Italian wine is not something I really appreciated when I first started delving into this world of beverages. Every glass that I tried felt like watching a marathon of Full House, not that interesting with a homey message that smacks you across the face. However, after my epiphany that Chardonnay could be delicious, I gave it another chance. Though I decided to expand my horizons, my experience of Italian wine revolved around the red. A Nebbiolo here, a Super Tuscan there, and I had a firmer grasp of what Italy had to offer. Still, bubbles were hardly on my radar until November of 2015.
For those of you who have read my little paragraph about PROTOCOL Wine and #Winestudio, feel free to skip this section and jump down to the good stuff below. For those of you out of the loop, #WineStudio is a monthly Twitter discussion where wine enthusiasts get together to gush over wine, what goes into making it, and the impact it has on us imbibers. What I appreciate about this group is that it is a no judgement zone where my novice self can express my opinions and ask questions while also learning a lot.
I am very much new to my study of wine, but even I know serious winos almost always bow down to sparkling; so, when I saw that it was going to be bubbly month, I immediately threw my hat in the ring. I had seen Ferrari wines at a local Italian restaurant that doubles as a wine shop, but I had never bothered to pick it up. Sugary Italian bubbles only fit to be mixed into a cocktail were what I was used to, and I did not have any interest in diving into yet another disappointing bottle. Unsurprisingly, the opinions I formed at twenty-one were wrong.
Ferrari Wines, unlike that other Ferrari with which you’re probably familiar, produces traditional method sparkling wines. To kick off the month, we began with the classic NV Ferrari Brut. This wine made up of 100% Chardonnay was the simplest of the sparklers we tried, but shone with crisp fruity flavors. Pale gold in color, tart apples dominated the palate and a touch of toast edged out the well balanced wine. I took advantage of this one in the morning to pair with bacon and eggs, and it was a solid brunch accompaniment. The most economical of the Ferrari wines, the SRP of $25 makes this an easily accessible entry into what this winery has to offer.
To mix it up a little bit, we also spent some time with the NV Ferrari Brut Rosé, a fun wine with depth that consisted of 60% Pinot Nero and 40% Chardonnay. The lush pink wine highlighted floral flavors and ripe strawberry. It was dry and food friendly, making it one that’s easy to bring to a BYO where you don’t know what food will be offered. Slightly pricier at around $36, it wasn’t one I could drink every day, yet I still enjoyed it all the same.
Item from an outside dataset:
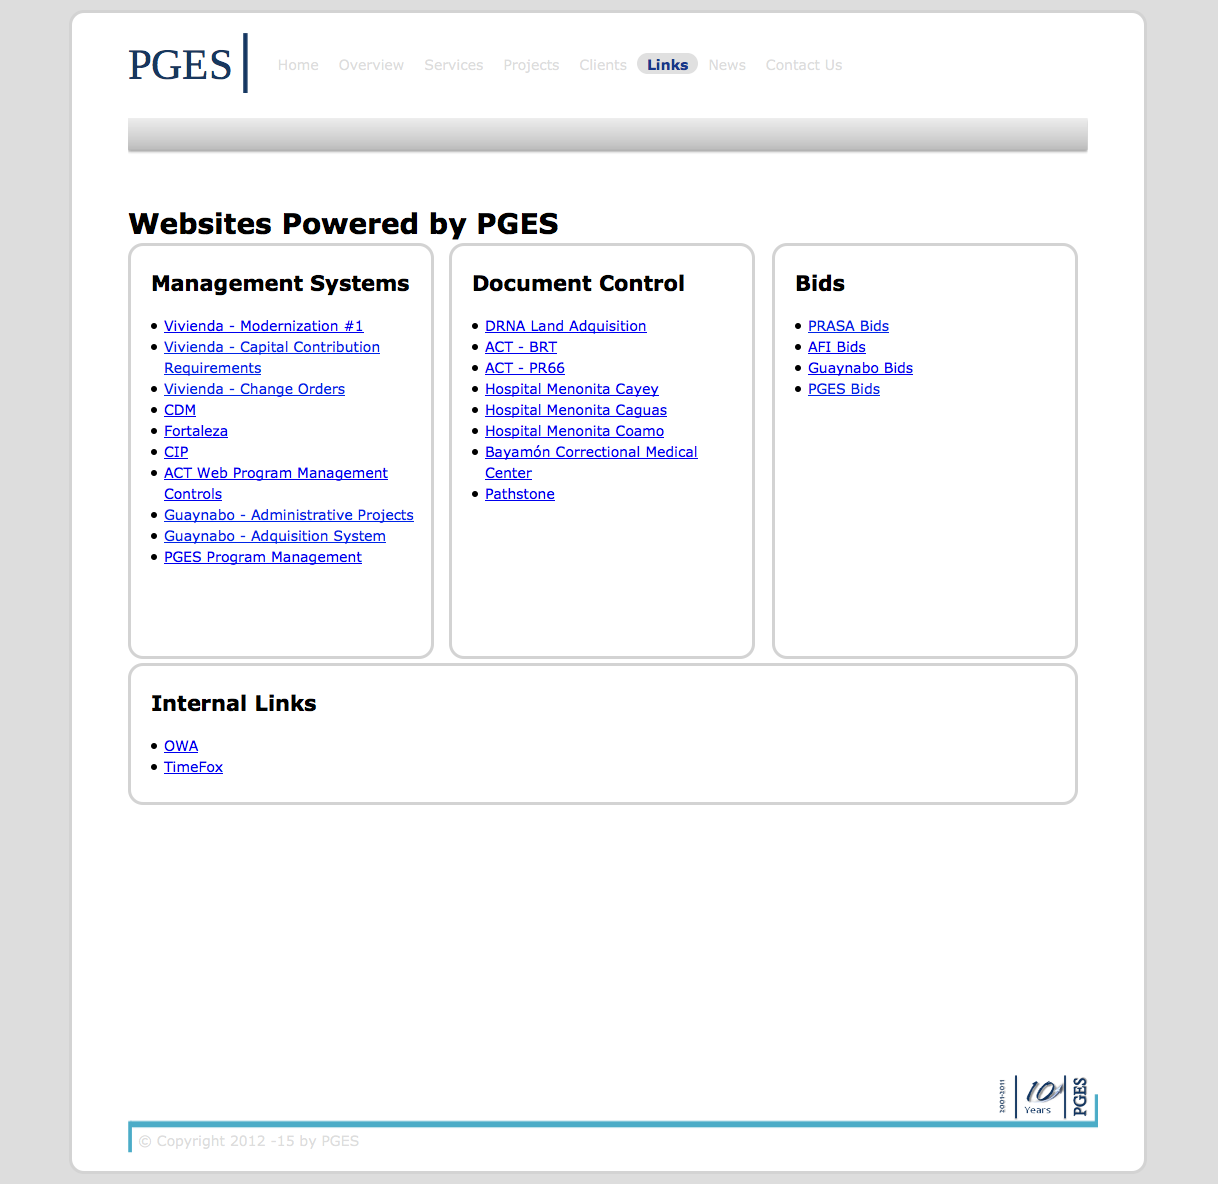 'PGES Online Systems'

After two good, though not mind-blowing wines, I opened up the bottle that converted me into an Italian sparkling superfan. The pale yellow 2007 Perlé lingered in mouthwatering ways. It had a little bit of everything; it was tart, juicy, nutty, and had a hint of bitter to it. Essentially a joy to drink. I was ready to hide this one away for myself like Sméagol with his ring. We finished the bottle in one go, though I could have filled a whole fridge. This one is a steal with an SRP of $38, and the one I would suggest that everyone pick up.
Throughout #WineStudio we had explored progressively more complex bottles of bubbles, and that fact was underscored by the 2002 Guilio Ferrari Riserve del Fondatore. I saved this one for Thanksgiving, to share with my uncle- one of the few people in my family who is as into trying drinks as I am. Giving off aromas of stone fruits like white peach with a hint of nuts, this was one of those wines you could spend as much time smelling as drinking. However, for the average wine drinker, this isn’t the right bottle to buy. At a SRP of $120, it’s a much better investment for someone passionate about wine who will open this for the right occasion.
Though these bubbles all came from the same Italian winery, the bottles we tried throughout #WineStudio showcased a nice breadth of sparkling options. Those new to bubbles would be at home with the traditional Ferrari Brut; those who are more advanced could easily spend some time with the Perlé. I don’t know about the wines produced when Ferrari was originally founded in 1902, but if they were anything like these, it’s no wonder why the company has thrived. In 2016, buzzwords like sustainable agriculture are perfect marketing tools, but take one sip, and you’ll understand why Ferrari is more than just a name.
These wines were kindly provided to me by the company listed above, but all opinions are my own.